# Notes on a 2009 535i HiFi to MS-8 install...



## Technic (Jun 24, 2002)

Customer wants MS-8 to replace his OEM HiFi system completely plus add a center speaker (DLS 424 coaxial). No other aftermarket equipment to be installed, be 100% reversible back to OEM and it has to have a significant improvement in sound quality and loudness while using the OEM speakers.

No problem with the E60 PnP harness kit... :thumbsup:

*Remove M-ASK unit:*


















*Transfer OEM MOST connector to new Quadralock harness:*













































*Plug Quadralock harness in...*









*... and plug extension cables (inputs and outputs, including remote signal) into harness:*


----------



## Technic (Jun 24, 2002)

*Install center speaker into existing OEM mount and run new speaker wires:*





































*Run extension cables (and center speaker wires) on each side of the center console, under the front seats, via the door sills towards the trunk:*



























*Plug OEM amp harness in:*


----------



## Technic (Jun 24, 2002)

*Plug MS-8 to input/output M-ASK extension cables (front, center and rear speakers) and to OEM amp input and output underseat woofers signals (cables pre-terminated for PnP):*










Notes:

1) MS-8 uses the 12V and ground connections from the OEM amp via the PnP harness. The OEM amp 12V is a 40A fused OEM line; the MS-8 is double-fused at 25A. No whine, no noises.

2) Result: quite an inprovement in clarity, front stage focus, bass impact and overall loudness despite the OEM speakers. This should not be any secret or magic: power was increased from 25W x 4/40W x 2 to 60W max x 7, adjustments went from just bass/treble to bass/mid/treble, sub and center level, Logic7, and 31-band EQ while the M-ASK outputs EQ curve flattened. So there are enough possible adjustments to get a relatively louder and clearer sound than OEM. The addition of the DLS 424 center channel and particularly the Logic7 processing created a higher, adjustable (driver/passenger/front focused) and just better front stage that was not there before.
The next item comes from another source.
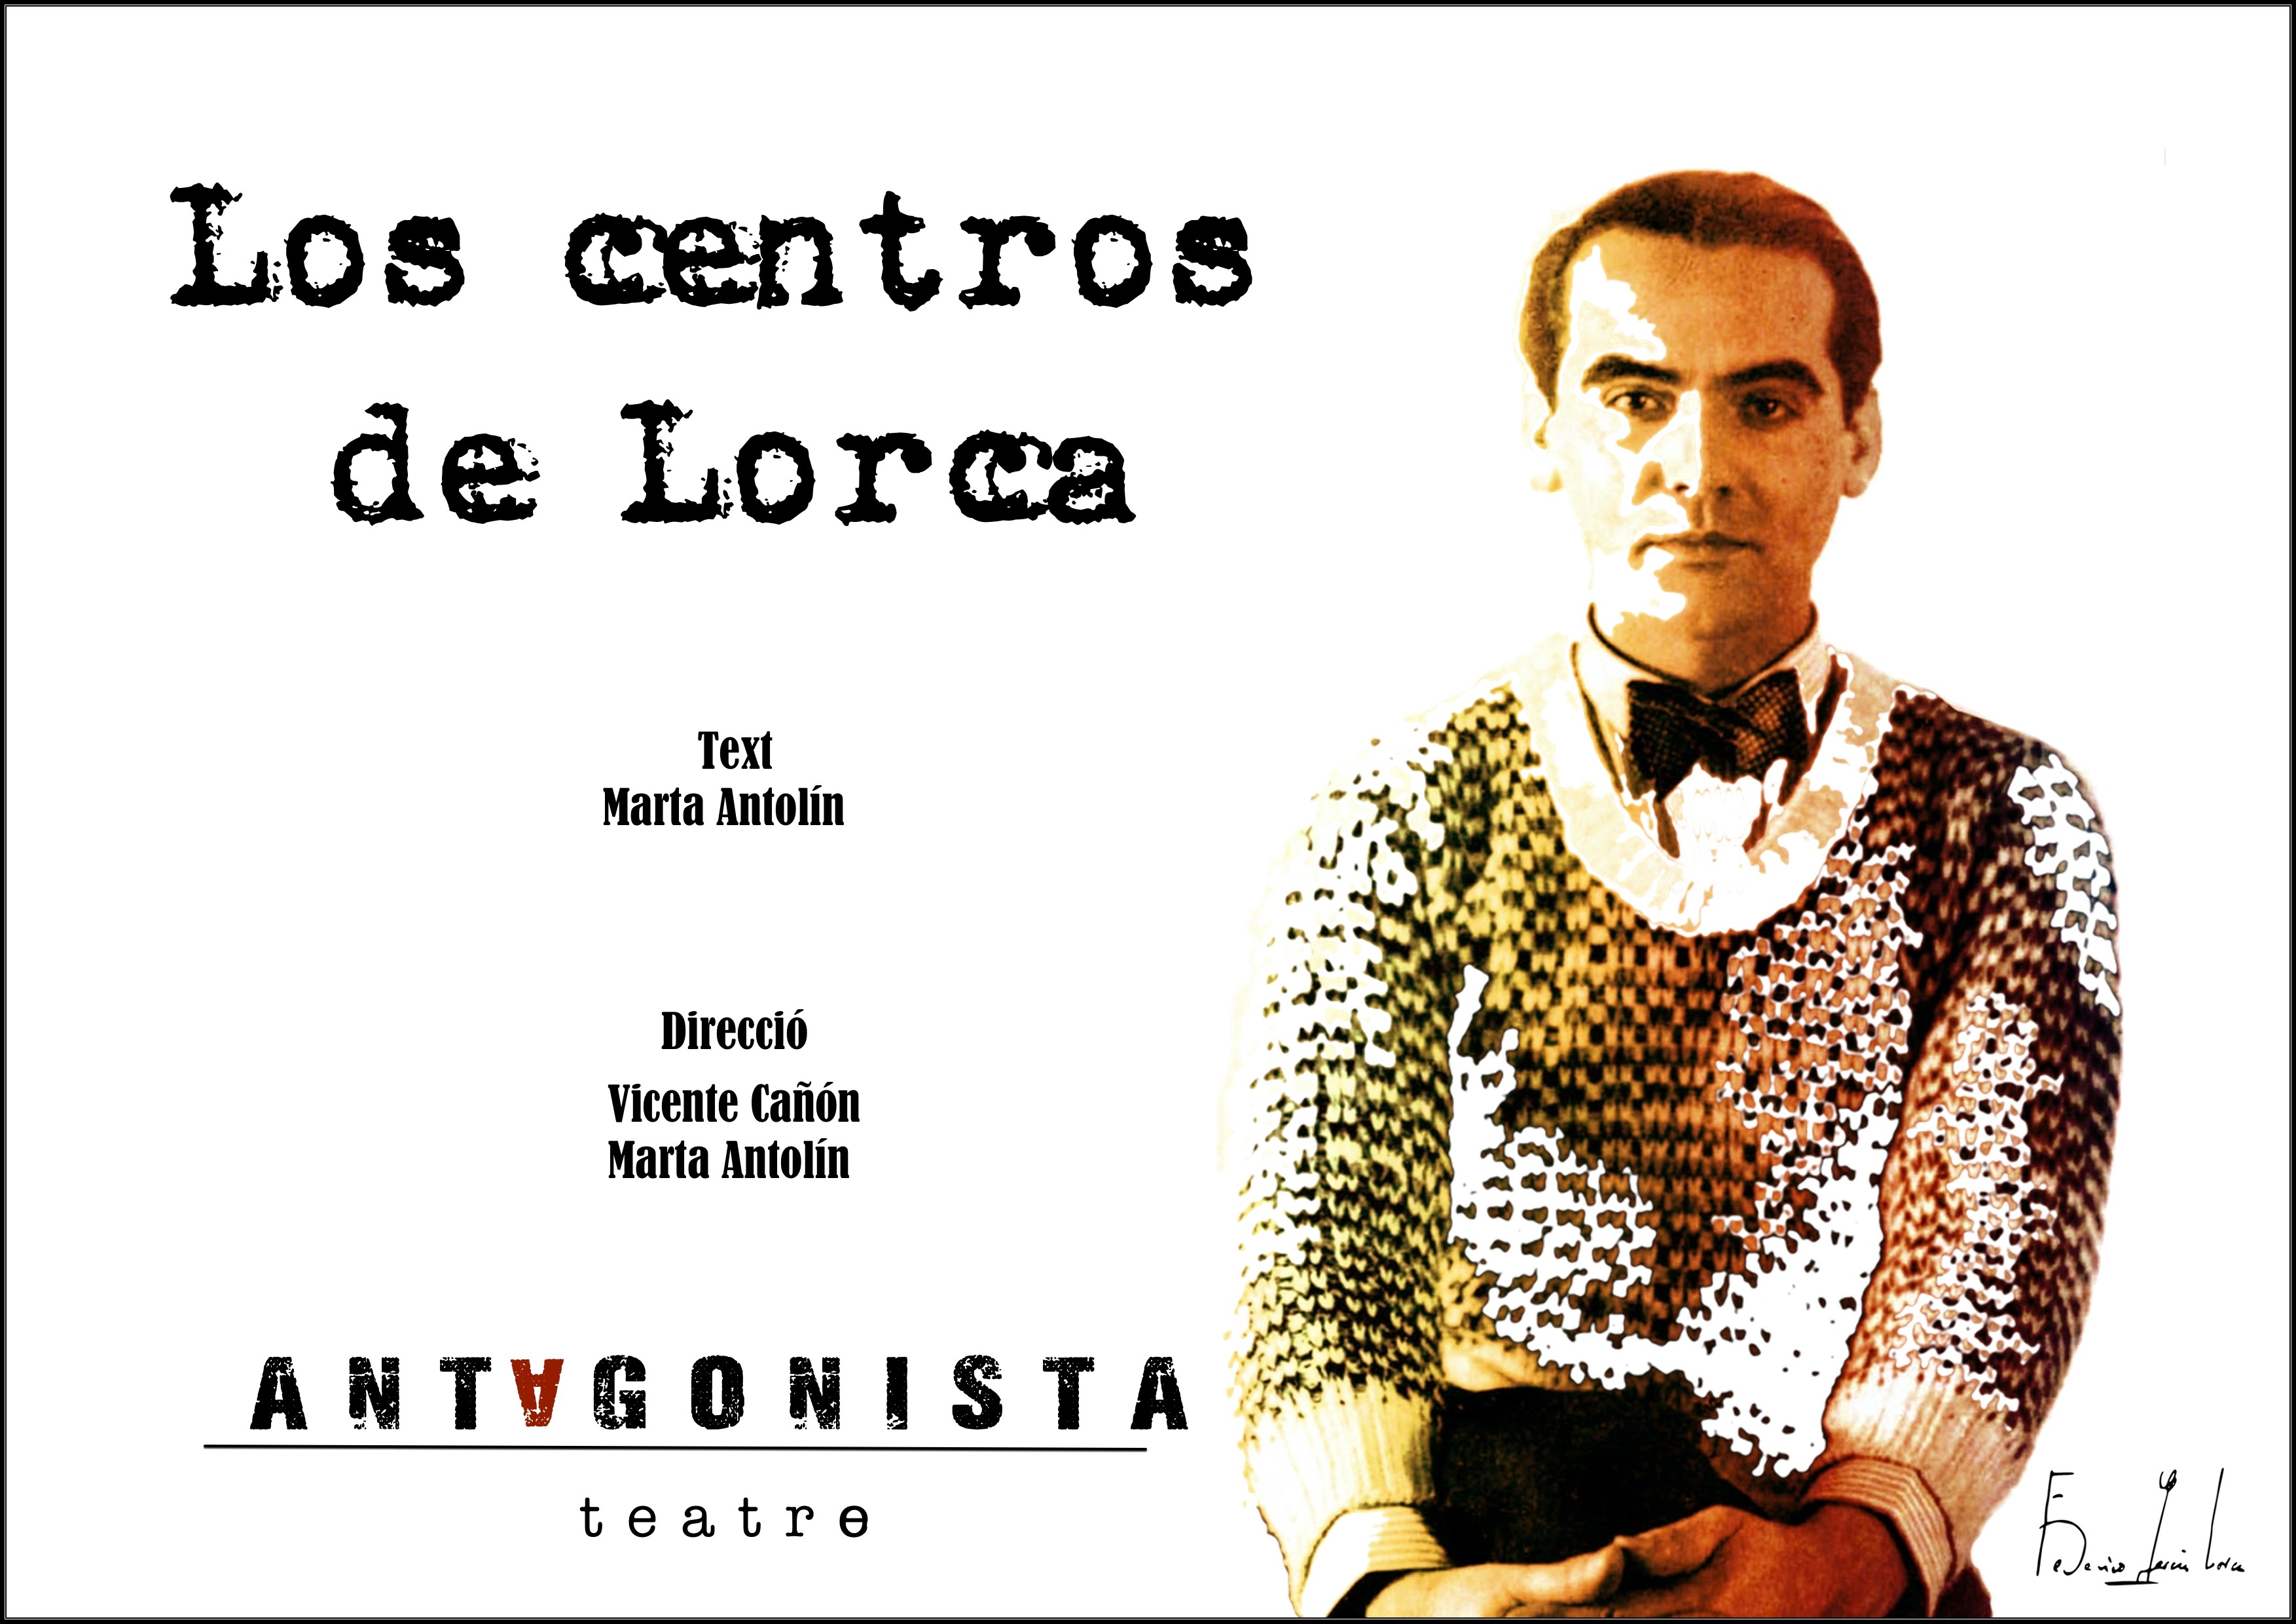 Los centros de Lorca

Customer was very happy with the result, so I was happy... :thumbup:


----------



## nDrew (Dec 2, 2011)

what exactly is an M-8? I just purchased a 2010 E60 2 days ago with a HiFi sound system. Sound is okay. I have test driven another E60 with the L7 sound system and does sound much better. Is this M-8 an upgrade to L7 sound? 
Although i'm very familiar with upgrading to aftermarket sound systems. I want to try and keep thing as OEM as possible. Avoiding the extra Amps and boxes in the trunk.


----------



## Technic (Jun 24, 2002)

nDrew said:


> what exactly is an *MS-8*? I just purchased a 2010 E60 2 days ago with a HiFi sound system. Sound is okay. I have test driven another E60 with the L7 sound system and does sound much better. Is this *MS-8* an upgrade to L7 sound?
> Although i'm very familiar with upgrading to aftermarket sound systems. I want to try and keep thing as OEM as possible. Avoiding the extra Amps and boxes in the trunk.
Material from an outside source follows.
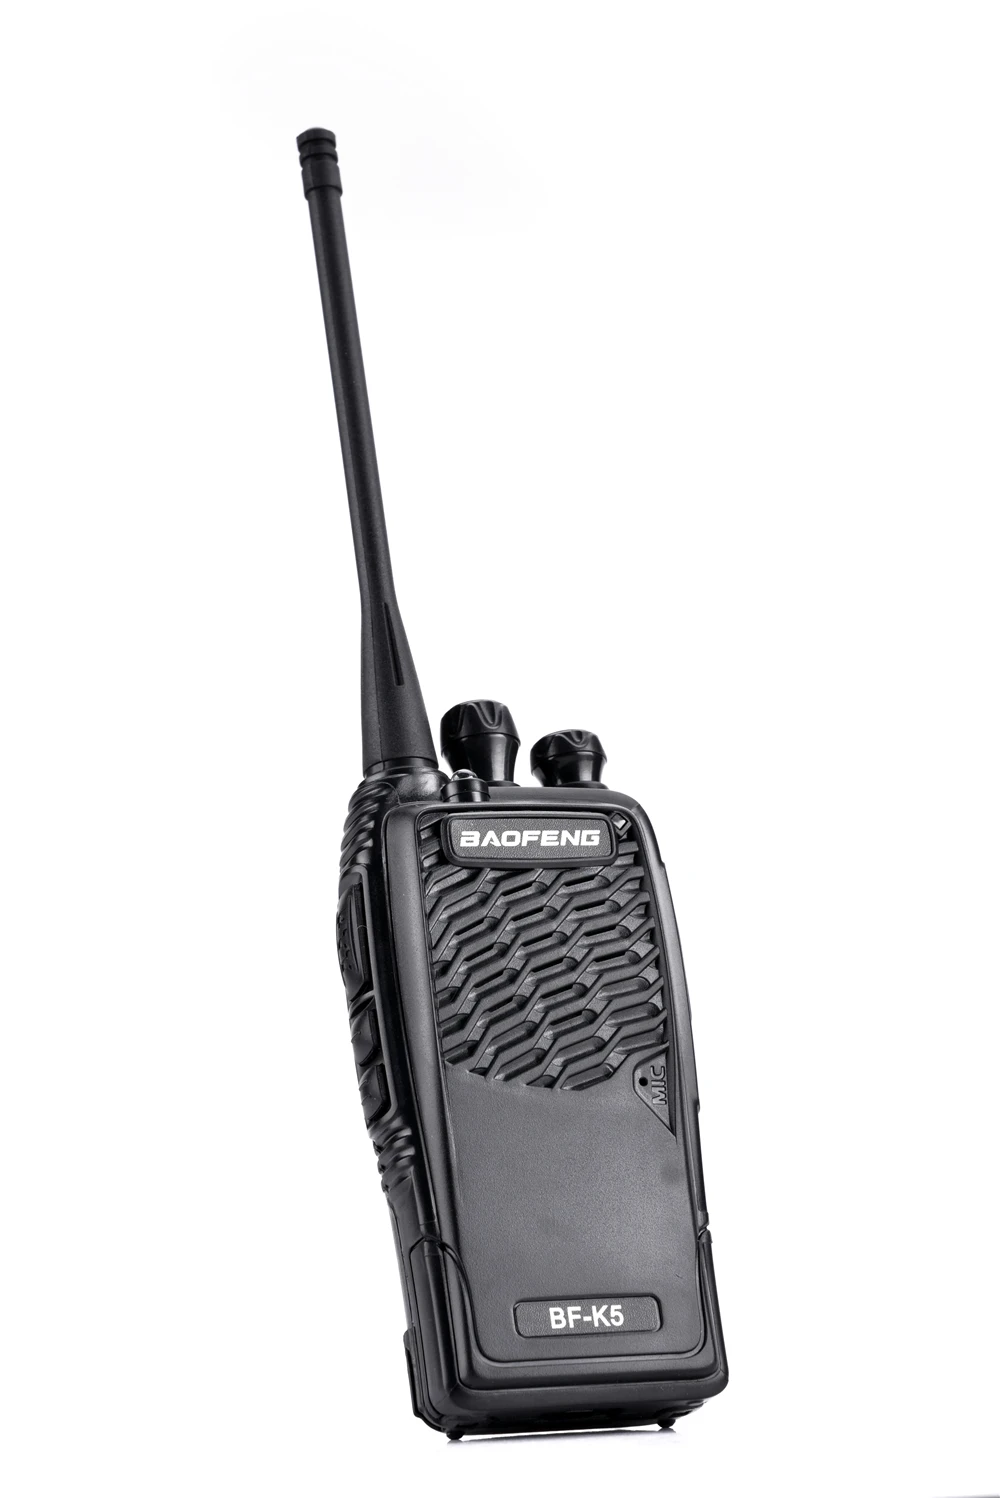 2 шт. 100% оригинал Baofeng радио Comunicador BF-K5 двухстороннее радио сканер радио Statio Baofeng радио Amador Cb радио 27 МГц

JBL MS-8: http://de.jbl.com/tl_files/catalog//jbl/car/Manuals/MS-Series/MS-8/JBL MS 8 Owners Manual.pdf


----------



## bimmer11 (Jan 7, 2013)

Where did you get the wiring harness? I am currently in the process of upgrading and need some parts. If you have more information documented how you did this, I would be truly appreciative


----------



## Technic (Jun 24, 2002)

bimmer11 said:


> Where did you get the wiring harness? I am currently in the process of upgrading and need some parts. If you have more information documented how you did this, I would be truly appreciative


Please use PM for details.


----------



## saif76 (Sep 20, 2014)

*Is it still worth getting the MS-8 or just get a good amp ?*

I have a 2011 335i with hi fi audio . Should I get an a MS-8 and add and amp or would I still get almost the same result with just the amp


----------



## 3siu (Feb 23, 2015)

Hi, I am interested to the harness for e60 hi go harness, can you please pm me about the price, thank you.


----------



## Technic (Jun 24, 2002)

3siu said:


> Hi, I am interested to the harness for e60 hi go harness, can you please pm me about the price, thank you.


No shipping to Hong Kong, sorry.


----------